Alex is Sprintlaw’s co-founder and principal lawyer. Alex previously worked at a top-tier firm as a lawyer specialising in technology and media contracts, and founded a digital agency which he sold in 2015.
If you’re a small business owner, there’s a good chance you’ll come across a bank guarantee at some point - especially if you’re signing a commercial lease, tendering for a contract, importing goods, or working in construction.
And while the words “bank” and “guarantee” sound reassuring, bank guarantees can create real financial risk if you don’t understand what you’re agreeing to (or what the other side can do with it).

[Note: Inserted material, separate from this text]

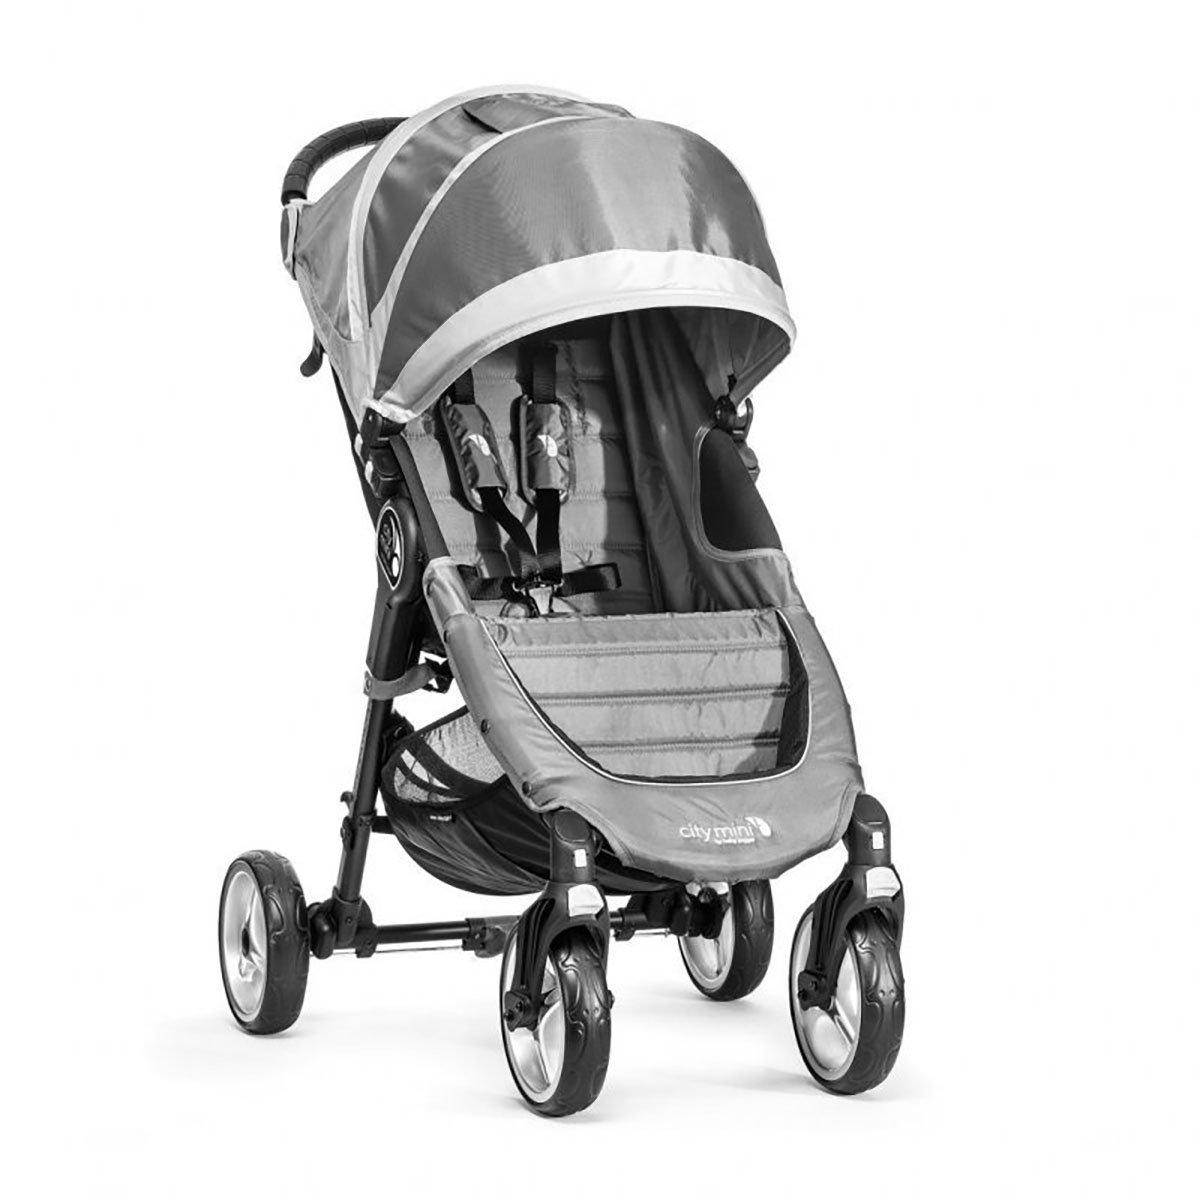 Carucior Baby Jogger City Mini 4, Steel Grey, Sand

Below, we’ll break down how bank guarantees work in New Zealand, when they’re used, what to watch out for, and how to protect your business from day one.
What Is A Bank Guarantee?
A bank guarantee is a promise by a bank to pay a specified amount of money to a third party (called the beneficiary) if you (the bank’s customer) don’t meet certain obligations.
It’s common to hear a bank guarantee described as “security” - because it gives the beneficiary comfort that if something goes wrong, they have a way to recover money without needing to chase you through the courts first.
Who’s Who In A Bank Guarantee?
- Applicant (you): the business that asks the bank to issue the guarantee.
- Guarantor (the bank): the bank issuing the guarantee and agreeing to pay if a compliant demand is made.
- Beneficiary (the other party): the landlord, principal, supplier, or customer who can make a demand under the guarantee.
What Does A Bank Guarantee Cover?
The guarantee generally secures performance under a contract. For example:
- a tenant’s obligations under a commercial lease (rent, outgoings, damage, make-good obligations)
- a contractor’s performance under a services agreement or construction contract
- a supplier’s obligations under a supply arrangement
- payment obligations in a trade or project context
The details matter. Many bank guarantees are drafted as “on demand” instruments, meaning the bank may pay when the beneficiary makes a demand that meets the guarantee’s requirements - often without investigating the underlying dispute about whether you actually breached the contract.
How Does A Bank Guarantee Work In Practice?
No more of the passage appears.